Background/Aim: Vitamin D is a fat-soluble steroid hormone that interacts with its nuclear receptor (VDR) to regulate a variety of biological processes, such as bone metabolism, immune response and transcription of several genes involved in chronic kidney disease (CKD).The aim of this work was to investigate the relation between vitamin D receptor genotype and parathyroid hormone (PTH) in predialysis patients and patient on hemodialysis.
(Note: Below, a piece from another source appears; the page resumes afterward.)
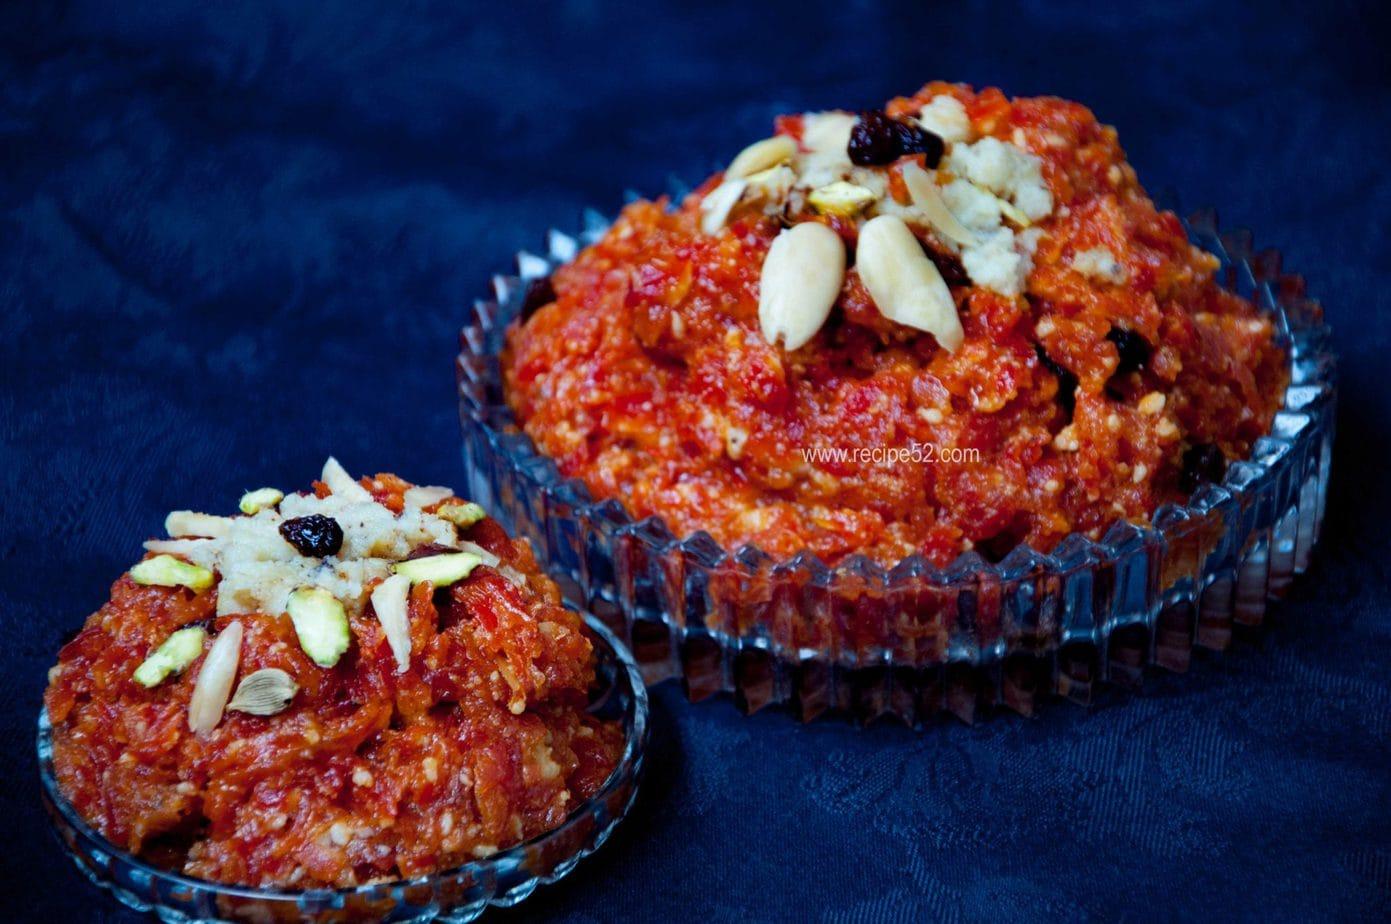 gajar ka halwa served in adish and garnished with nuts.

Method: We investigated theVDR Taq-I and VDR Bsm-I gene polymorphisms in 46 patients with chronic kidney disease under conservative treatment, 50 patients on hemodialysis and 70 age and sex matched healthy volunteers. This study was performed by restriction fragment length polymorphism (RFLP).
Results: For the Taq-I polymorphism, the T allele is considered as the risk allele. Carrying T allele increases the risk for both chronic kidney disease and renal failure. The risk for CKD increases by 3.3 fold and the risk for renal failure by 8 folds. For the Bsm1 polymorphism, the A allele is considered as the risk allele. Carrying A allele increases the risk for CKD by 3.6 fold and the risk for renal failure by 8 folds.
Conclusion: Bsm1 and Taq1gene polymorphisms of VDR gene were associated with end stage renal disease (ESRD) and with hyperparathyroidism among Egyptian population. Keywords: chronic kidney disease .vitamin D Receptor. Parathyroid hormone.